Alibaba, Didi, and Other Chinese Tech Stocks Surge as U.S.-China Relations Brighten
Comment of the Day

October 07 2021

Commentary by Eoin Treacy

Alibaba, Didi, and Other Chinese Tech Stocks Surge as U.S.-China Relations Brighten

This article from Barron’s may be of interest to subscribers. Here is a section: 

The U.S. and China agreed Wednesday that President Joe Biden and President Xi Jinping would meet before the end of the year. It will be a virtual meeting and follows a call between the two leaders that was held in September -- that was their first in seven months.

The virtual summit was announced shortly after White House national security adviser Jake Sullivan met a senior Chinese foreign policy advisor, Yang Jiechi, in Zurich, according to The Wall Street Journal.

"While we expect minimal material improvement in the tone or substance of their relationship in the coming months, we still see investment opportunities on both sides, especially in the areas of capital markets, technology, cybersecurity, and climate change," said strategists led by Mark Haefele, the chief investment officer at UBS Global Wealth Management.

"In our view, investors should avoid taking sides. The best long-term approach is to seek exposure to the different economic cycles, growth opportunities, and sectoral trends offered by both countries," the team at UBS said.

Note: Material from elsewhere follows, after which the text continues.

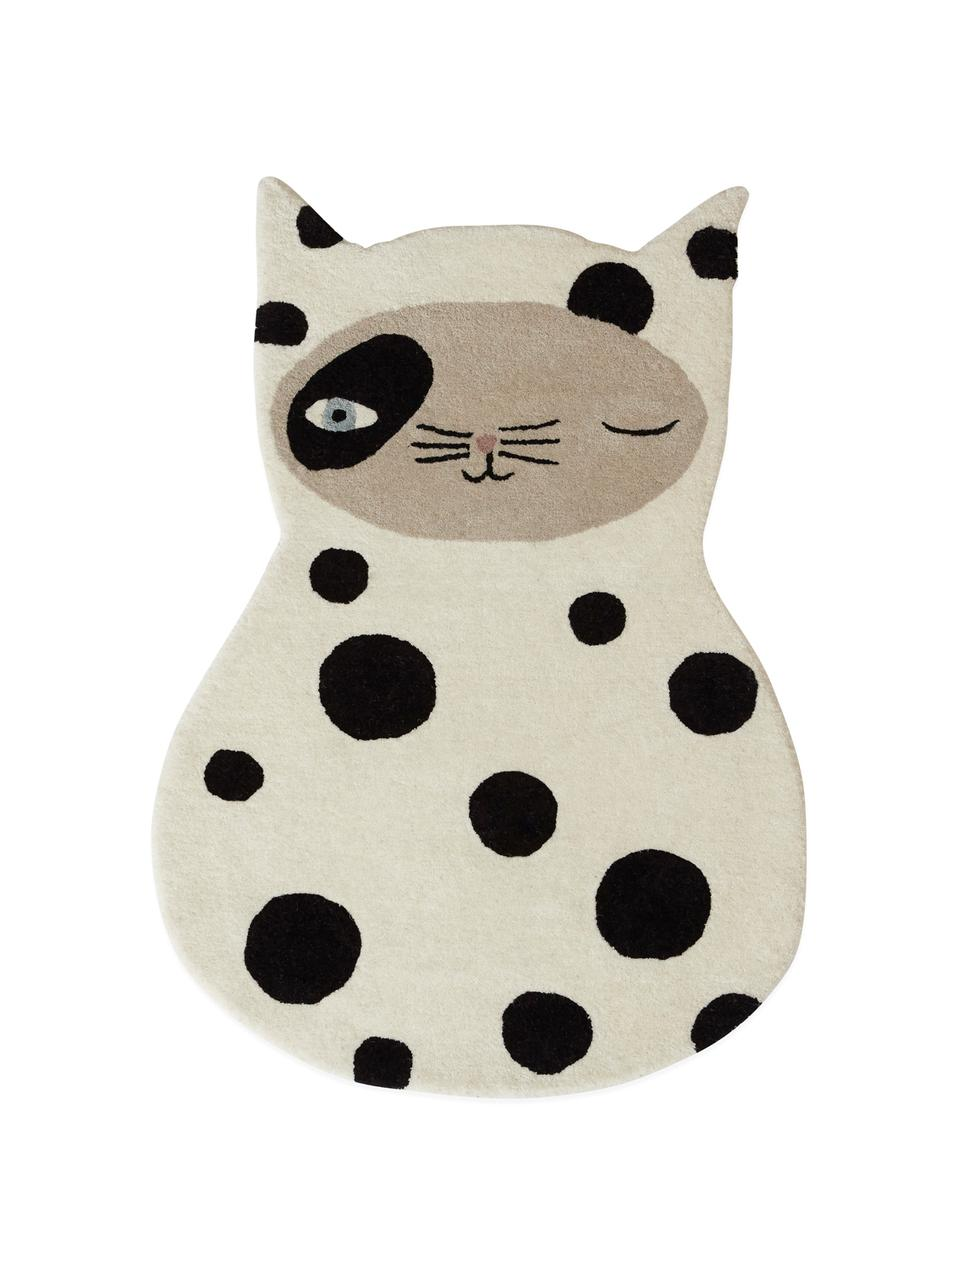 Vlněný koberec Zorro Cat, Světle bílá, černá, béžová, modrá

Strategists at the Swiss bank noted speculation around possible topics for discussion included trade, Taiwan, and climate issues.

Eoin Treacy's view

Churchill’s “Jaw-Jaw is better than “War-War” comes to mind. It also begs the question whether the Biden administration is willing to make concessions on Taiwan’s independence for better trading conditions? That was certainly the case during the initial negotiations with China 50 years ago and not a lot has changed in terms of China’s priorities.

China’s stock market has sold off aggressively because of fears about the potential for contagion from the Evergrande bankruptcy. Many institutional investors are willing to make the bet that the property market issues will result in less focus on the tech sector and that the respective companies have been sufficiently chastened to now prosper in a below the radar fashion.

Alibaba rebounded impressively today to trade back above the psychological $150 area.

Baidu also firmed today and is now testing the eight-month sequence of lower rally highs. 

Tencent is also steadying following a steep decline.

The China Enterprises (H-Share) Index is firming from the lower side of a more than decade long range.

Both Alibaba and Baidu led the advance on the NYSE FANG+ Index today.